## INSTRUCTIONS FOR THE TASK
Exact copies of all the lines below are wanted, without a single picture.

## SUPPLIED DATA
##########
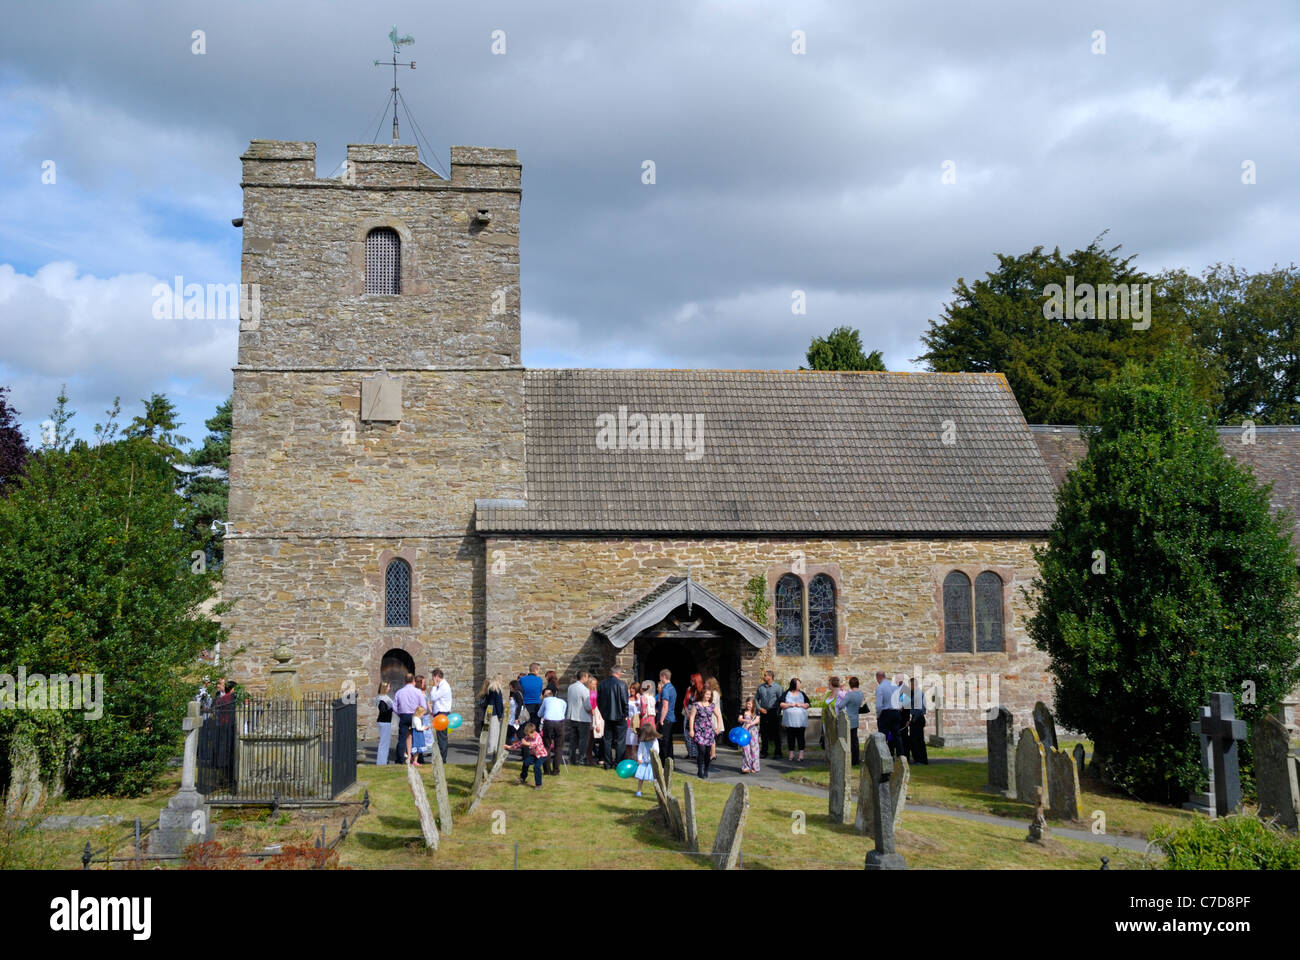 Parishioners gather outside St John the Baptist church at Stokesay Castle, Shropshire, England Stock Photo
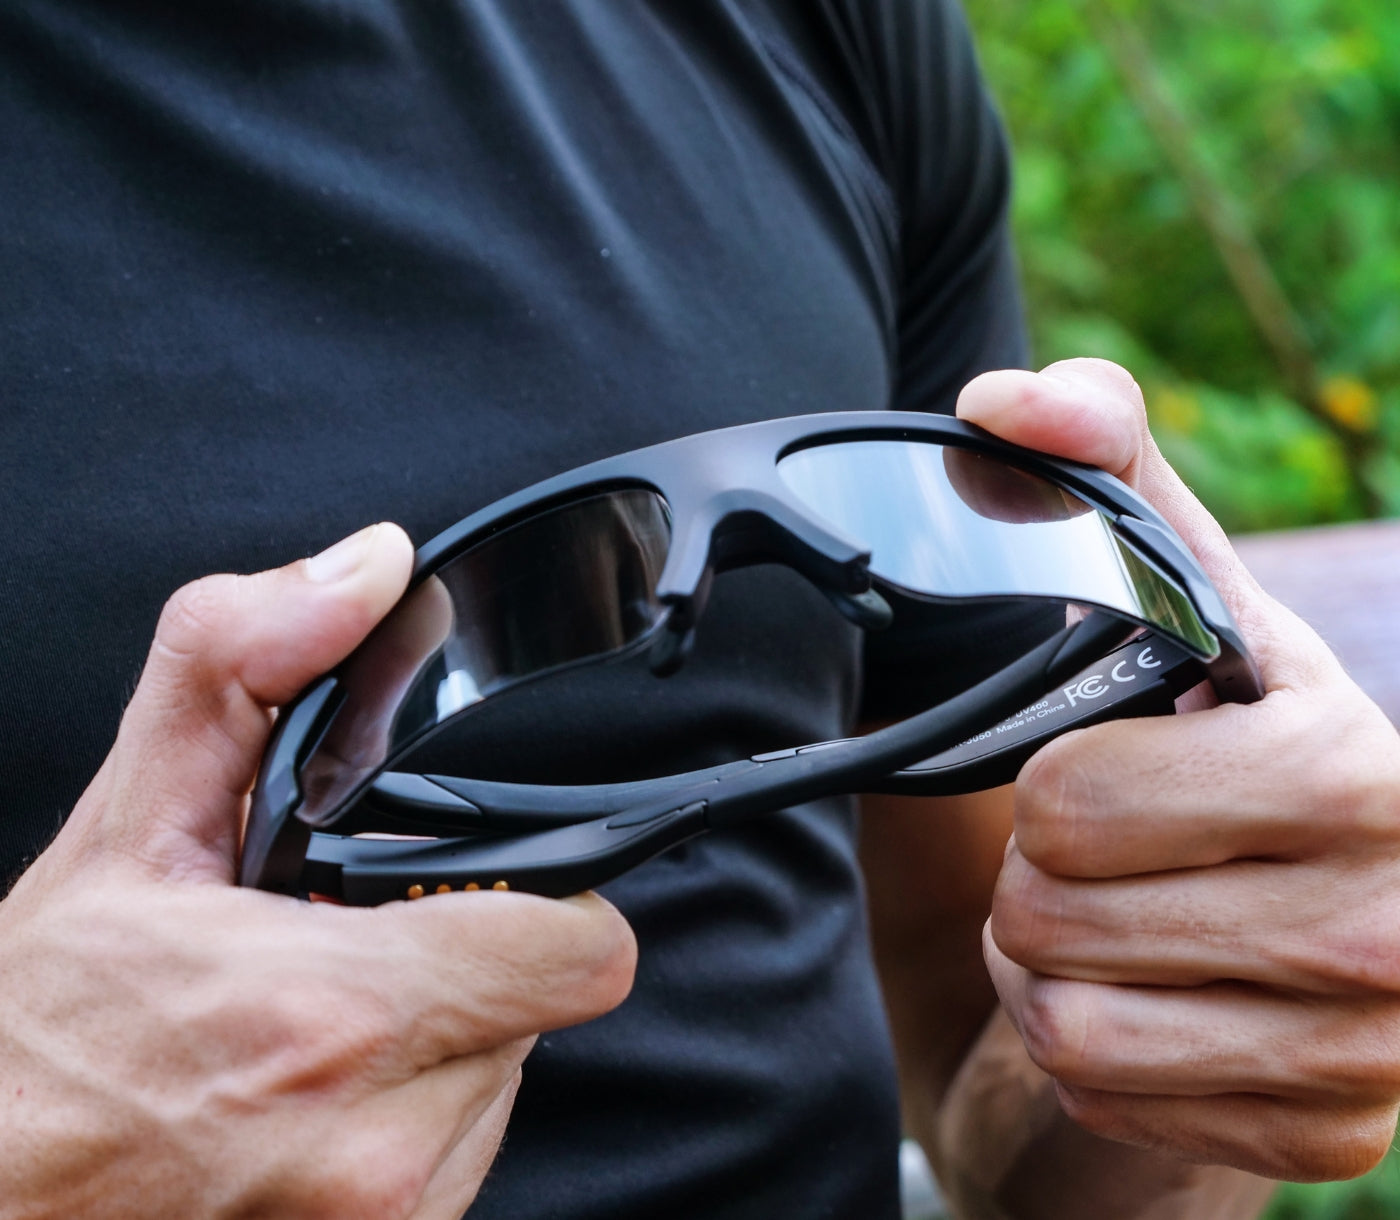 Flash 3050 Slide-to-dim sunglasses
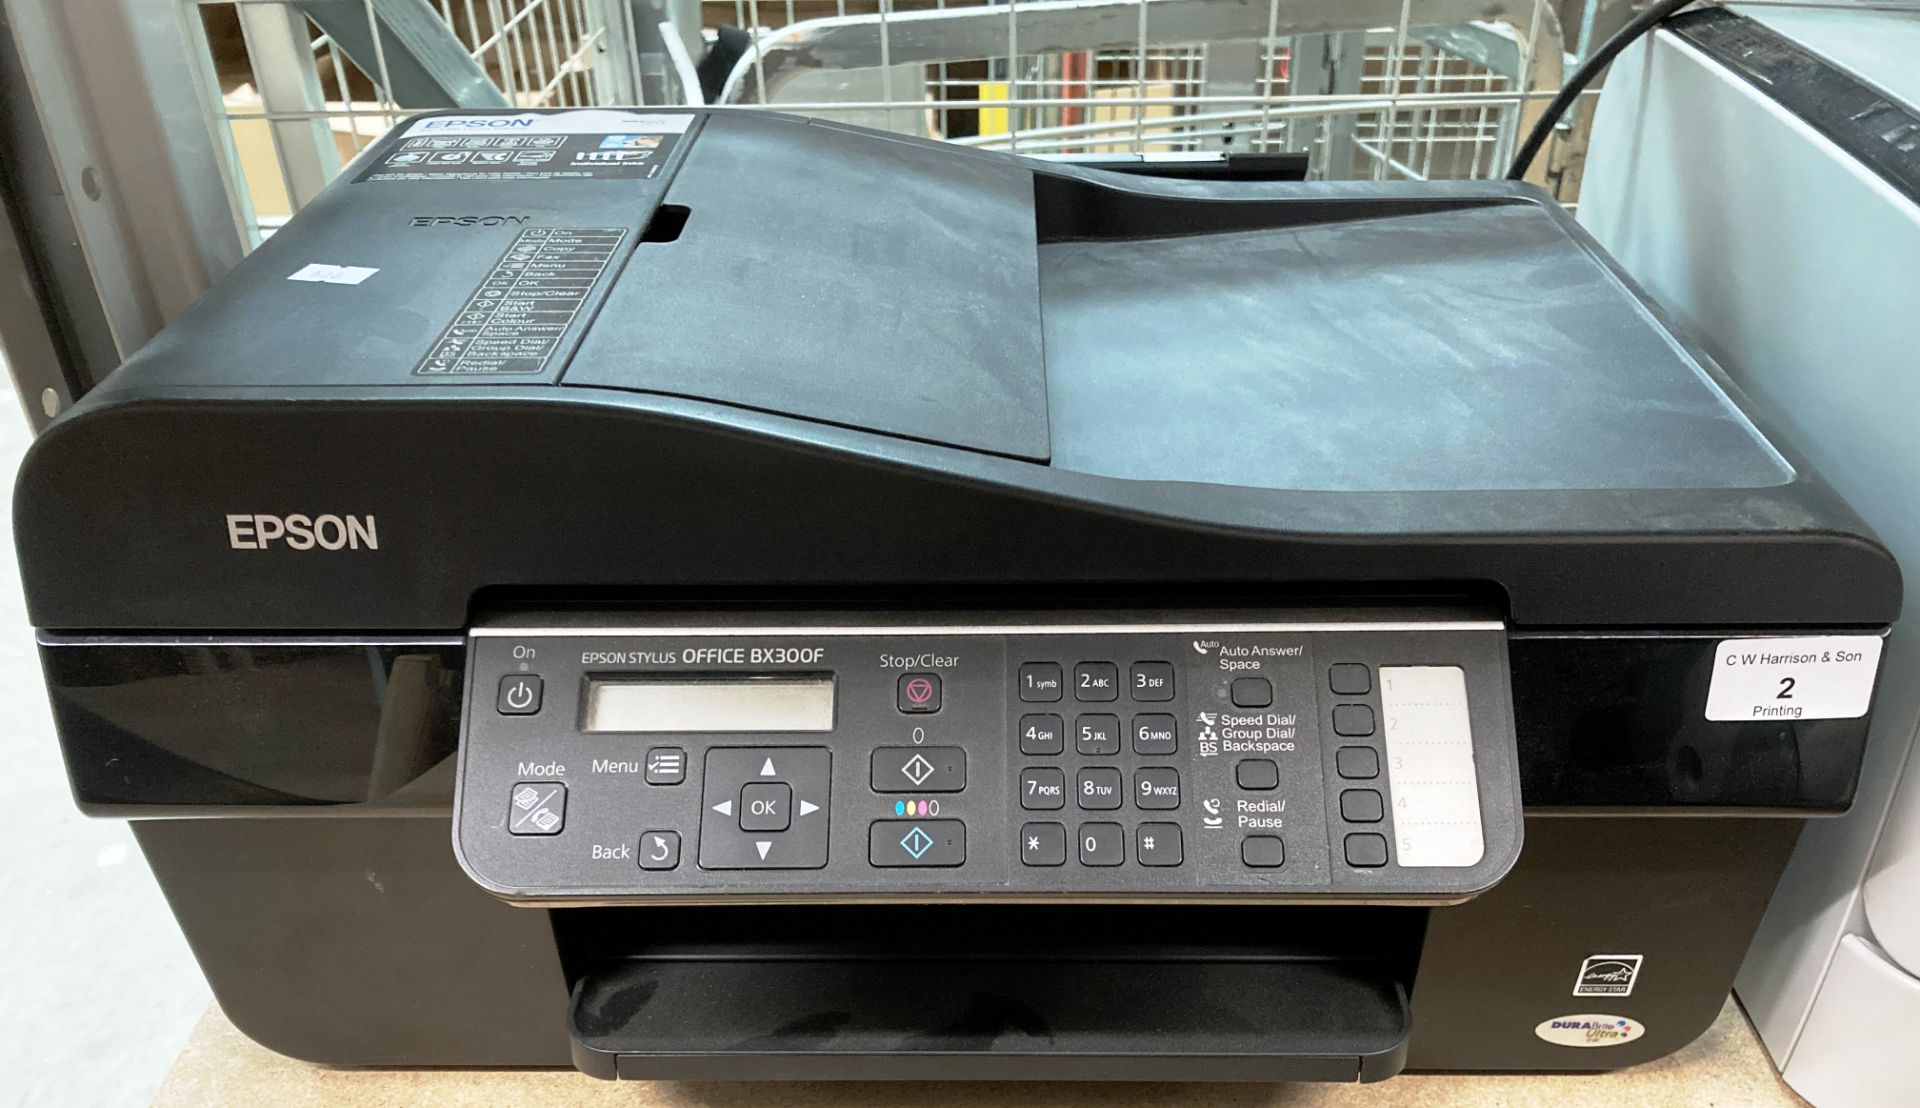 Epson Stylus office BX300F printer
##########
## RESULT OF THIS EXERCISE
 Parishioners gather outside St John the Baptist church at Stokesay Castle, Shropshire, England Stock Photo
 Flash 3050 Slide-to-dim sunglasses
 Epson Stylus office BX300F printer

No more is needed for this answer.